Tic came over to lay under the table between them, and laid his head on her feet.
“They reacted quickly because it fit the pattern. It still does because no trace. None. They did track down a woman who’d gone into the tattoo parlor in the same shopping center about a half hour before Preston would have closed the shop. She didn’t see anyone, didn’t see a white van. She thinks she might have seen a black one.”
“And you’re thinking they might have had it painted after the last abduction.”
She shrugged. “Not in any of the companies I’ve contacted. Witnesses aren’t always reliable. Somebody swears the car was a red compact, somebody else swears it was a blue sedan.”
Though she hadn’t finished the first, Nash put another slice on her plate. “You can handle two. Now tell me what you think.”
“I think Zach Tarrington was in that white van in the hotel lot when Rusk came out. And the people who took him knew or feared his coworker would remember it. They could’ve taken it out of the area to have it painted, or done it themselves. And I think…”
She picked up the half-finished slice.
“I should say the investigators think, and I agree, whoever’s doing this most likely works in a hospital, either medical or support staff. Somebody who’s found a way to access records. The missing didn’t all go to the same hospital, so they’ve found a way. Some of the missing’s accidents were reported—police reports, articles—so that’s another way.”
“But you’re not thinking cop?”
“Can’t rule it out, but again, different jurisdictions.
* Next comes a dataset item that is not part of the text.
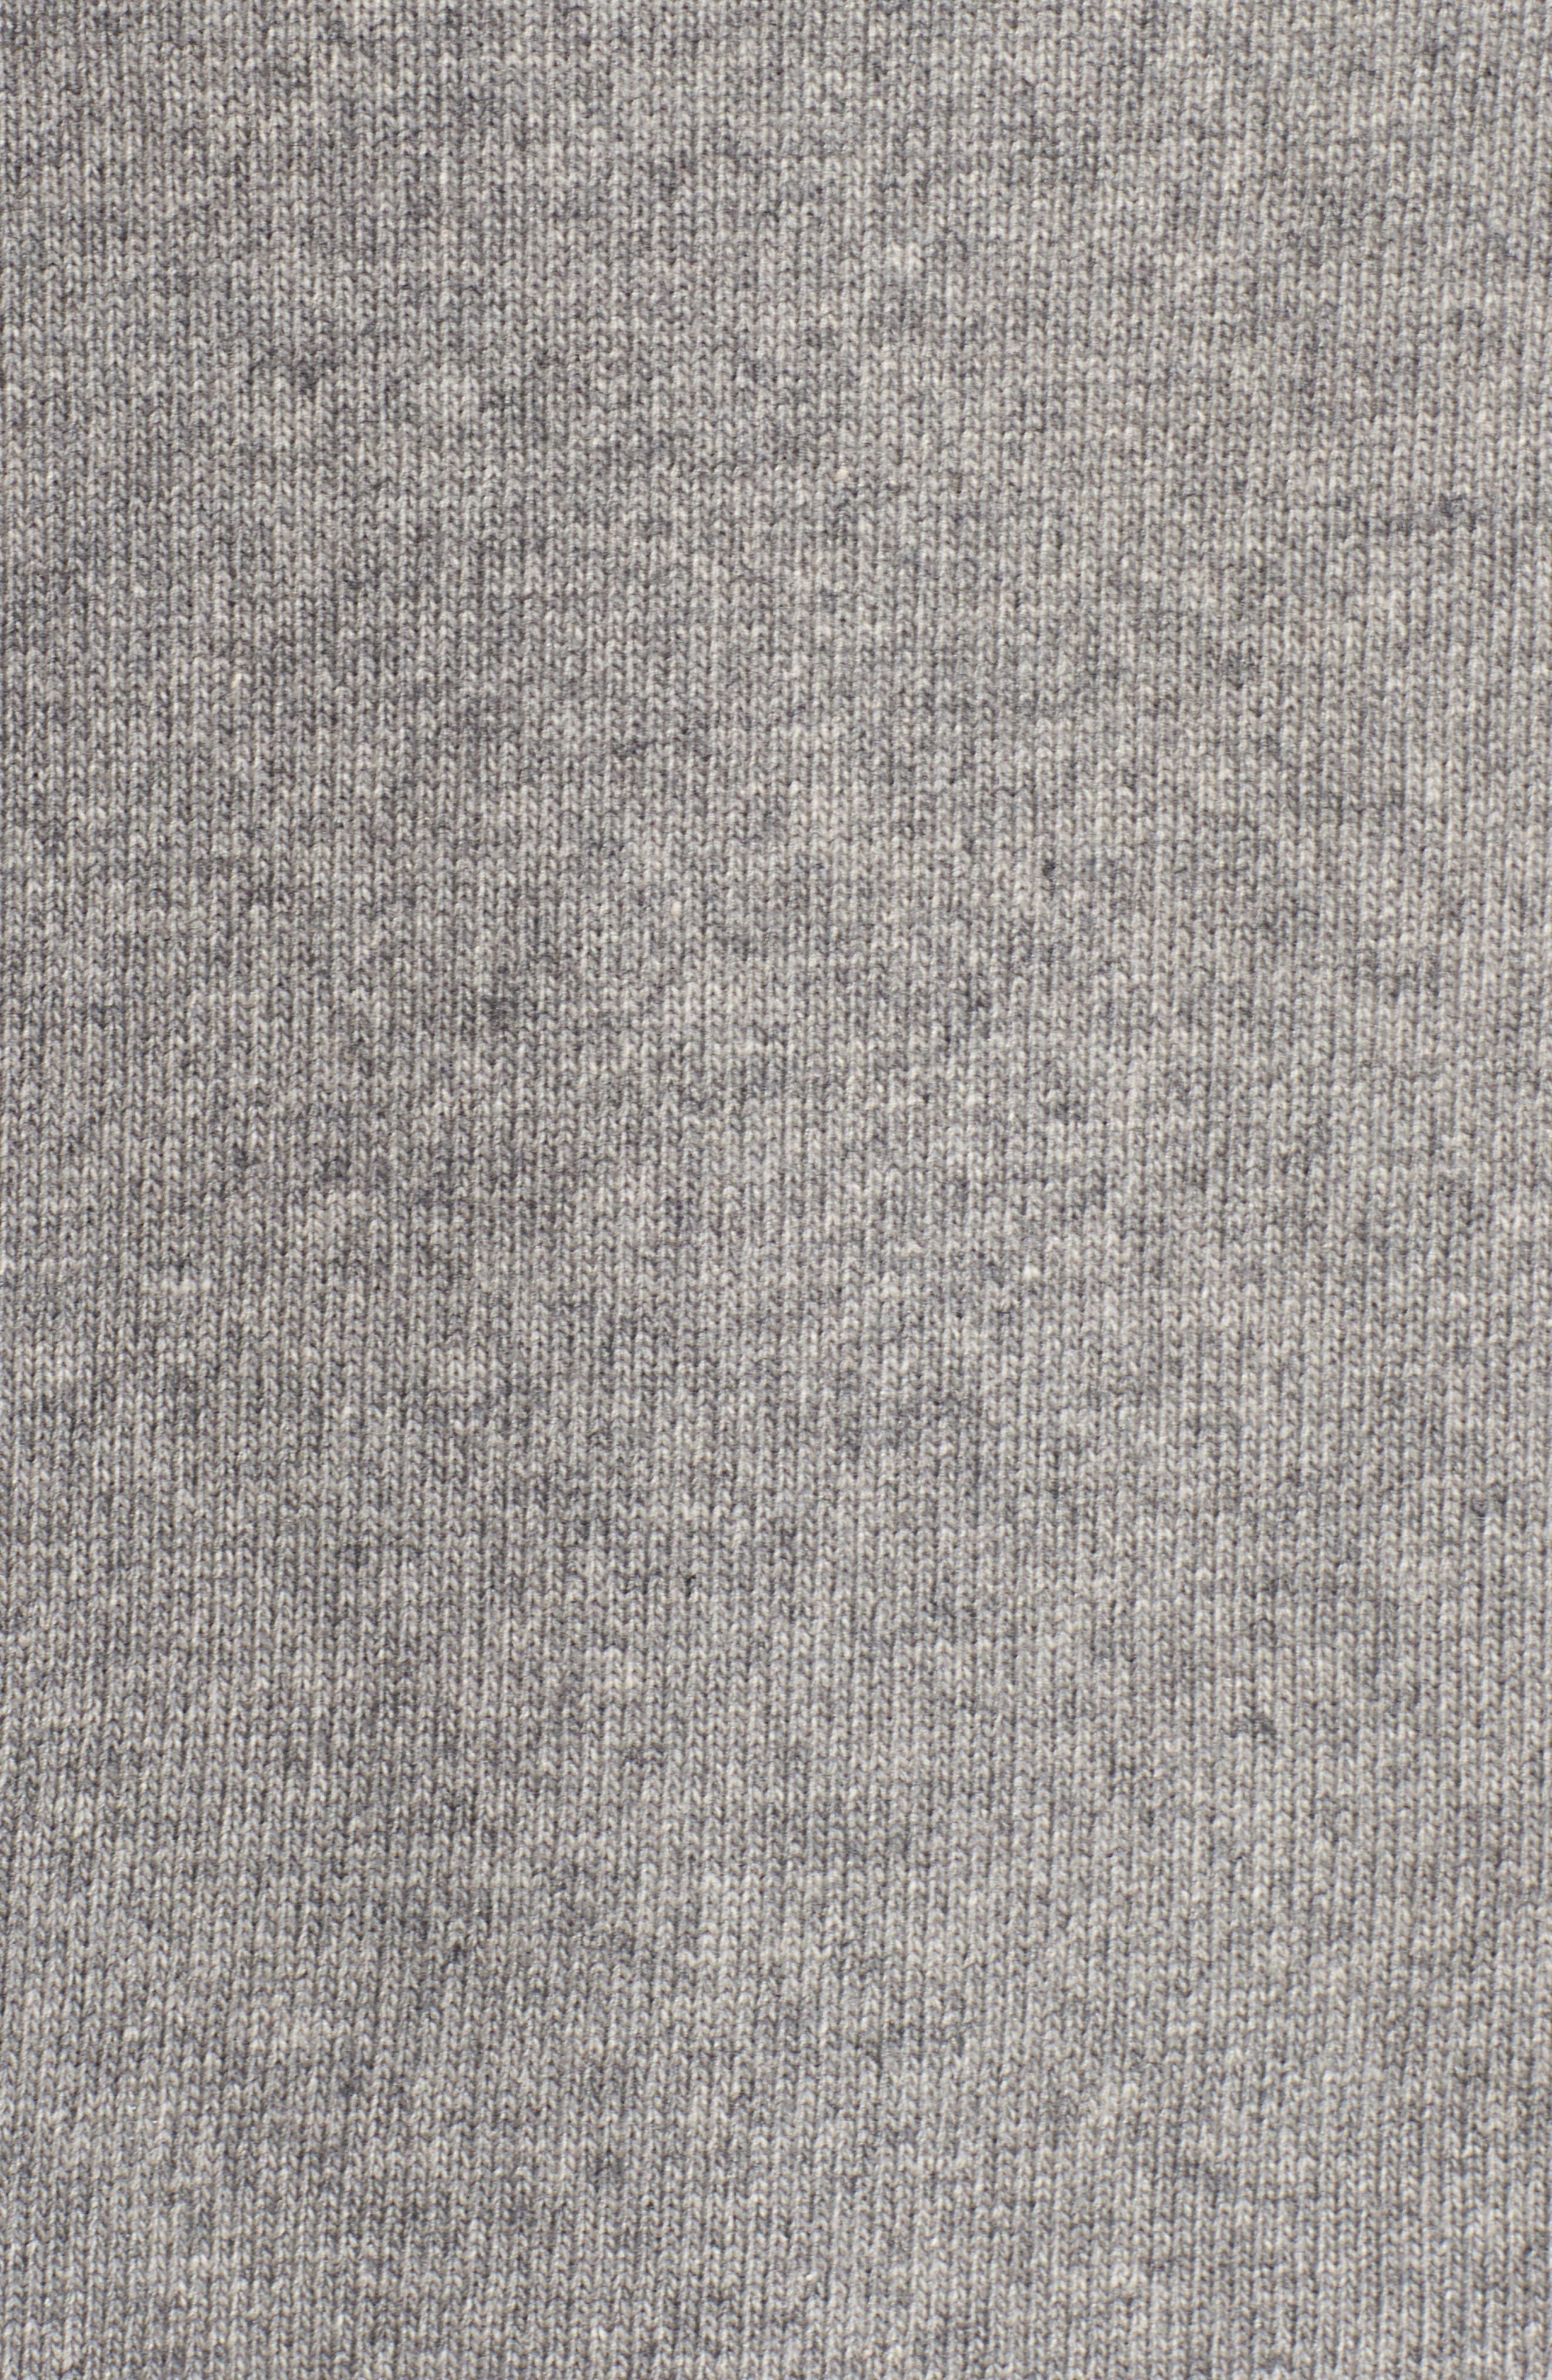 Rhodyn Off The Shoulder Sweater,                             Alternate thumbnail 5, color,                             GREY HEATHER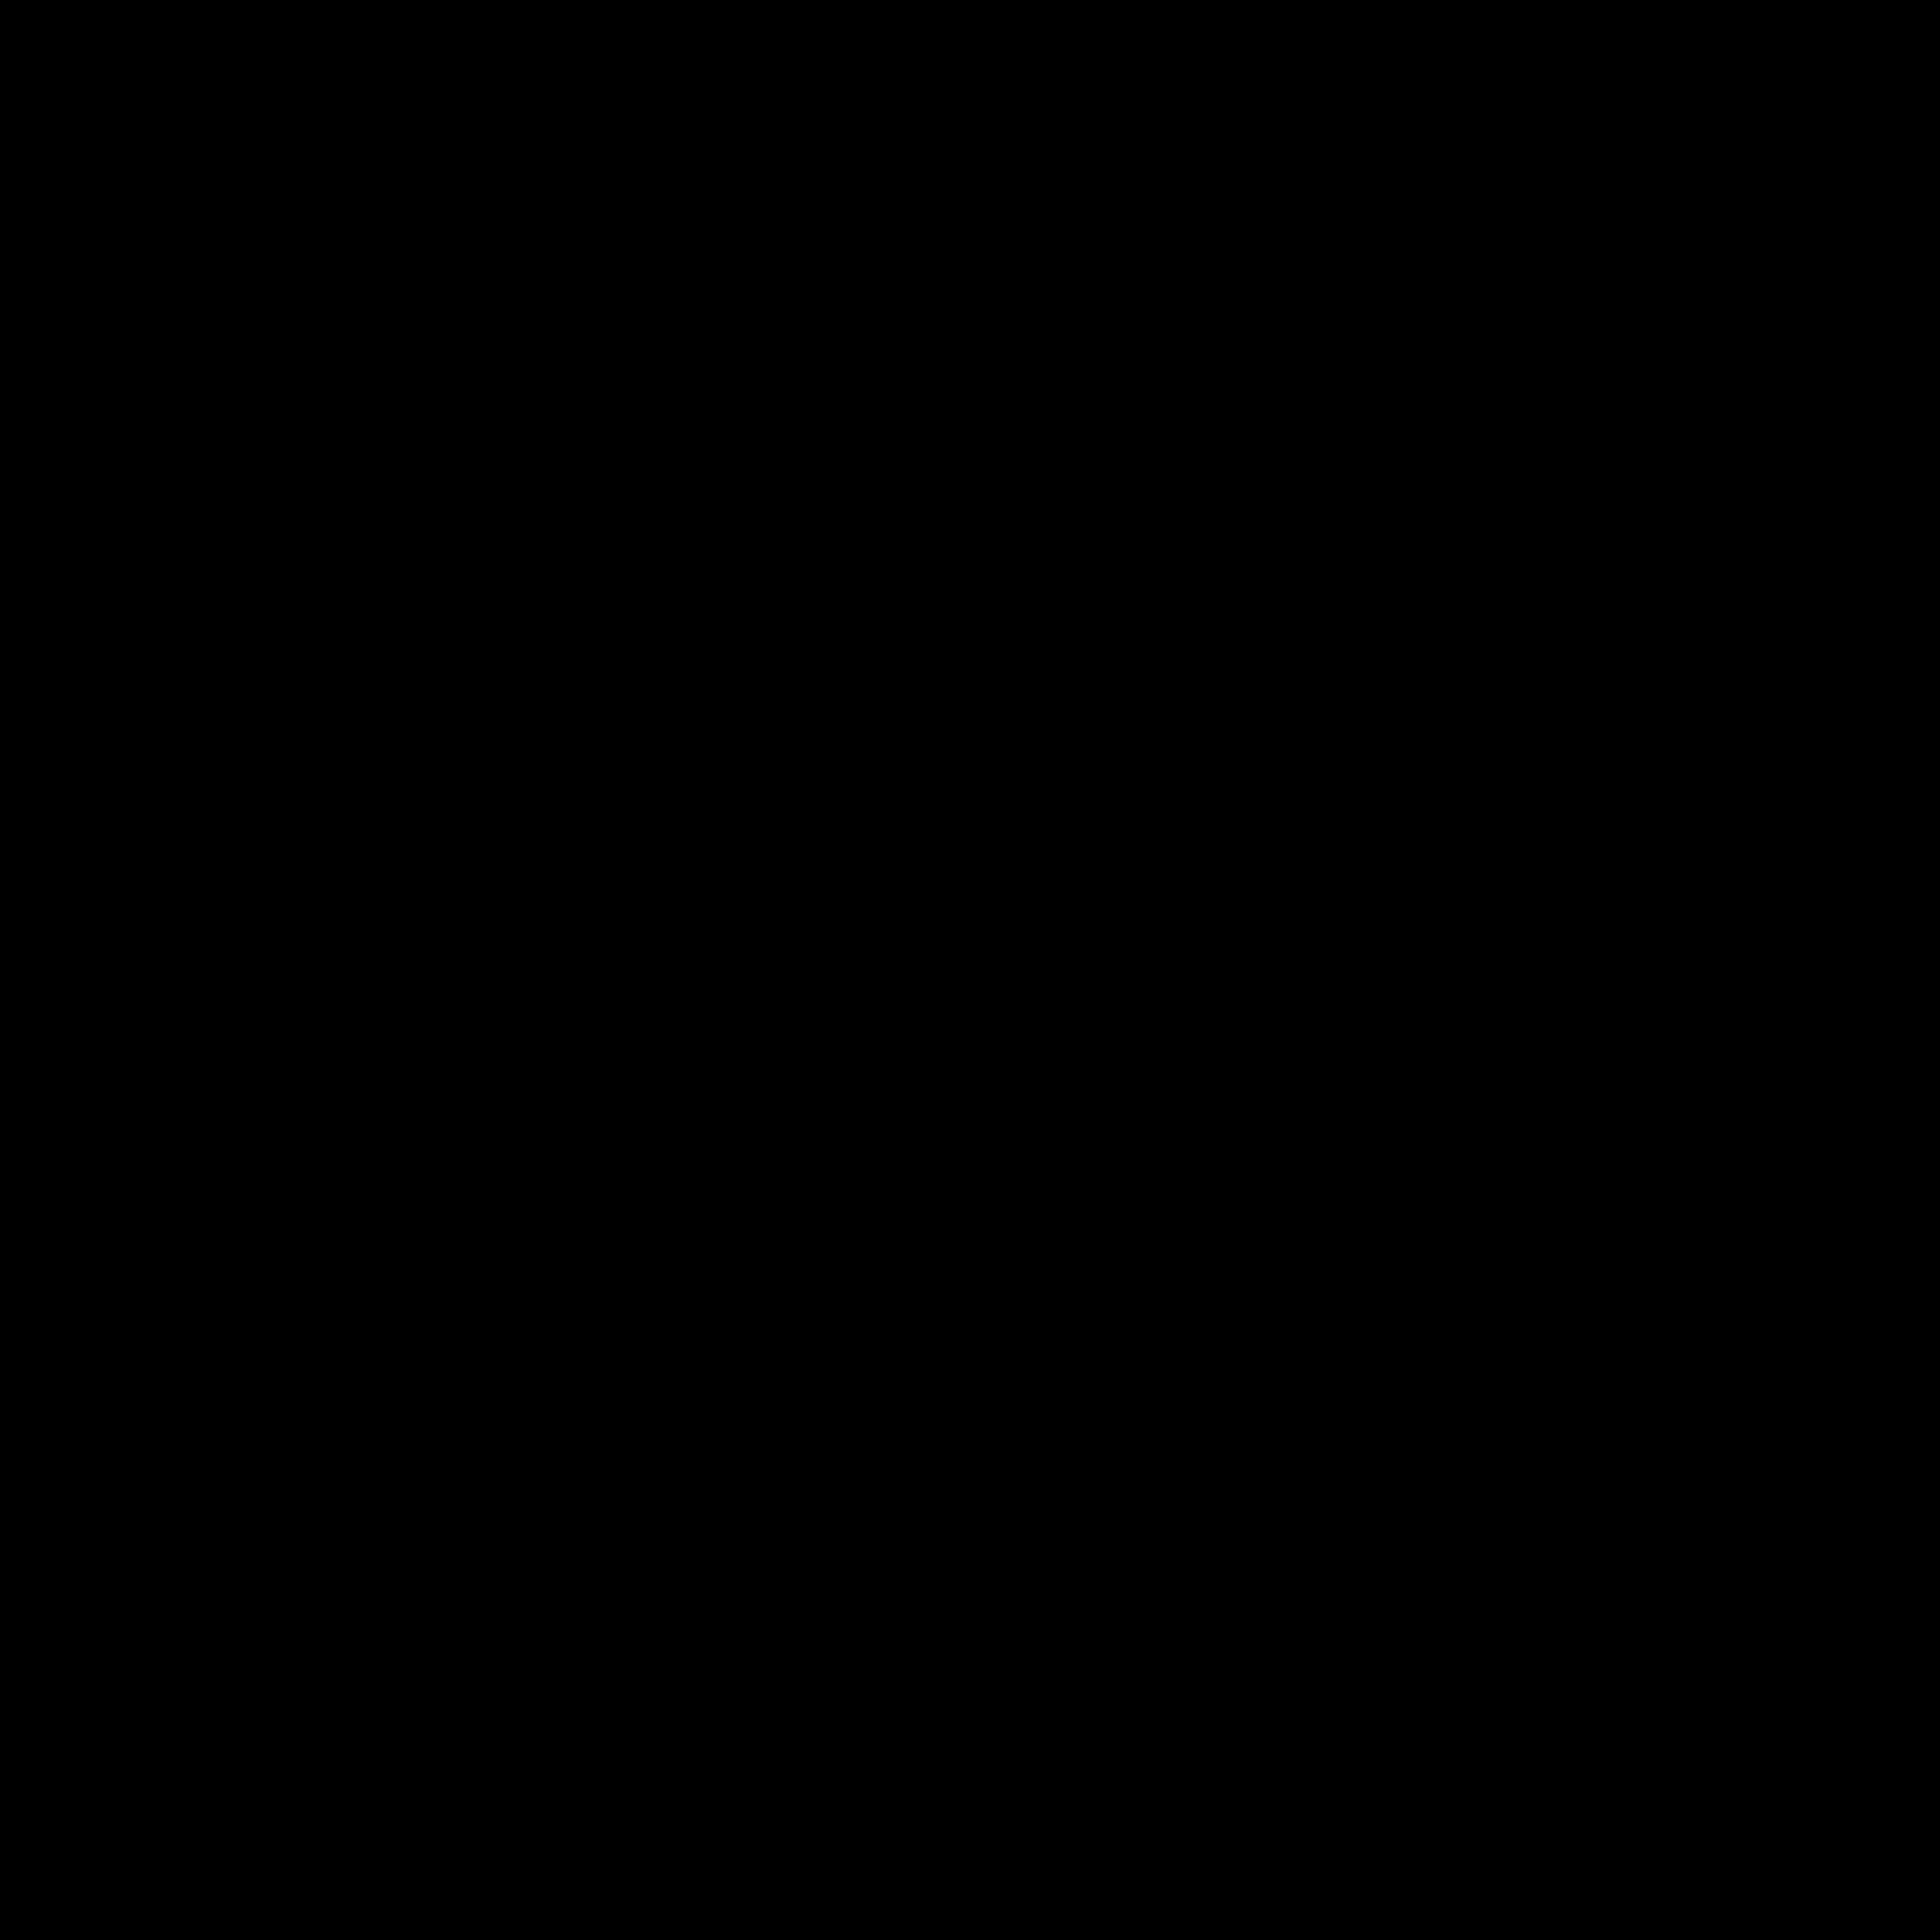 Gear Logo Vector PNG - 112638

And as far as where the abductors might be, Western Maryland, over into West Virginia, and up into Pennsylvania.”
“A lot of ground to cover.”
“Which helps them. If they don’t kill the abductees immediately—and why would they? There’s no gratification in that. They have to have a house, remote enough or secure enough to take people, hold them for however long as they do. It could be hours, days, hell, weeks. And they need a way to dispose of the bodies.”
She considered as she ate.
“Digging graves in this area over the winter? No easy feat.”
“Not impossible,” he pointed out, “with the right equipment.”
“No, not impossible. Maybe they have access to a backhoe, maybe one of them works with heavy equipment. Or a funeral home, a crematorium.”
Whether she knew it or not, Nash observed, she’d started to relax a bit.
“You’d have considered those angel-of-death types who decide instead of healing to kill patients.”
“They weren’t patients.”
“At one time they were. But they survived. Something like that—looking for follow-through? Religious fanatics against medical intervention?”
She studied him over a sip of Coke. “You’ve been thinking about this, too.”
“I guess I have.”
“Those are angles, and they’re taking a look there. Lori Preston’s abduction has the FBI taking an interest, and they’ve done or are doing a profile. I have to wait to be brought into that loop.”
“Will you be?”
“I think so. They’ll take a look at me.”
Nash stared at her. “As a suspect? That’s bullshit.”
“Not entirely. I’m alive due to that medical intervention, I’m law enforcement, I live in the area. I’d look at me. I’d clear me, of course, but I’d look.”
“You didn’t live in the area when the first two—ones youconnected—went missing. And were barely out of the hospital when Janet Anderson got snatched.”
“Yes, the first two happened before I was shot, before I moved back, but I have roots in the area, I pushed for information on Anderson, and I dug up—so to speak—the first two victims.”
“Okay, you convinced me. They’d better lock you up.”